Il y a des moments où voir le visage du Christ dans celui de son prochain n’est pas simple, surtout en France.
La folle, lassée d’emmerder la rom, s’en est prise à moi, me reprochant de ne pas lui donner de travail, et de ne pas l’aider financièrement, et insultant ceux qui se trouvaient sur son passage. Il me semblait faire un cauchemar sordide et grotesque, bienvenue à la maison. Comment se fait-il qu'une femme dans cet état rôde dans une gare où tout le monde l'engueule, au lieu d'être prise en charge par un hôpital?
Dans le train lui-même, je me suis aperçue que la Russie m’avait donné de mauvaises habitudes. Chargée comme un âne, je me suis fait apostropher par une vieille noire qui me demandait de l’aider à soulever sa valise sur une étagère : «Ici, c’est les vieux qui aident les vieux, si je comprends bien ? » me suis-je exclamée. Eh bien oui, ou plutôt la vieille blanche  a aidé la vieille noire, sous le regard d’un quadragénaire souriant qui n’a aidé ni l’une ni l’autre. Et moi je me suis démerdée toute seule, comme d’habitude.
Je crois que malgré la rudesse du climat, Pereslavl Zalesski, c’est quand même la planque.

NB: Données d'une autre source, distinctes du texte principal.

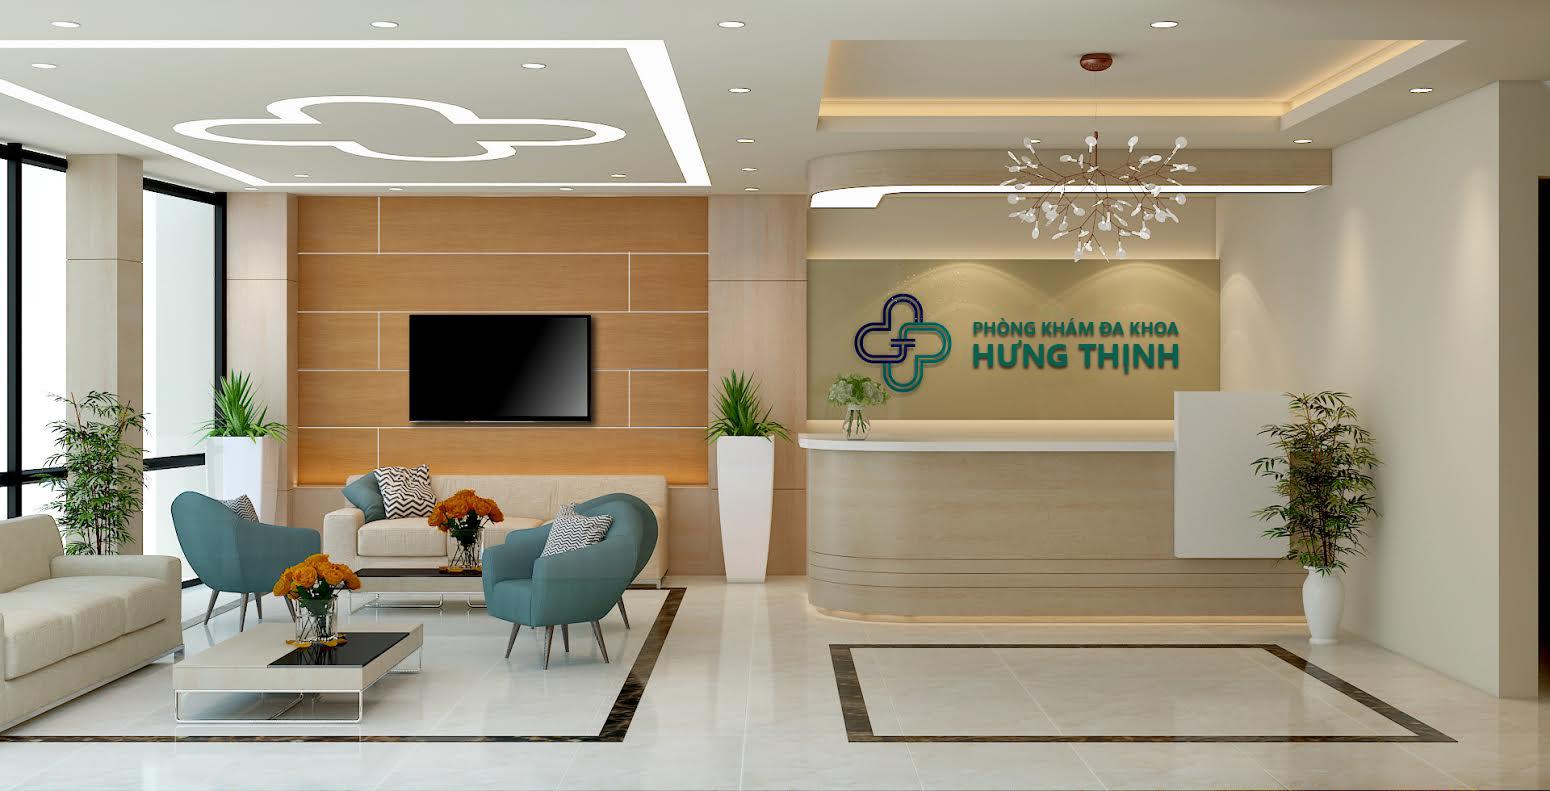 Phòng khám da liễu tốt và uy tín tại Hà Nội

Le taxi m’a parlé du vilain Assad qui gazait les petits enfants, il l’avait vu à la télé. Je lui ai démonté son truc, et l’ai laissé convaincu qu’on lui racontait des craques, mais à mon avis, son prochain client le persuadera du contraire. "Je l'ai vu à la télé", c'est l'argument massue. Avant, on croyait ceux qui juraient sur la Bible maintenant, on croit ceux qu'on voit à la télé.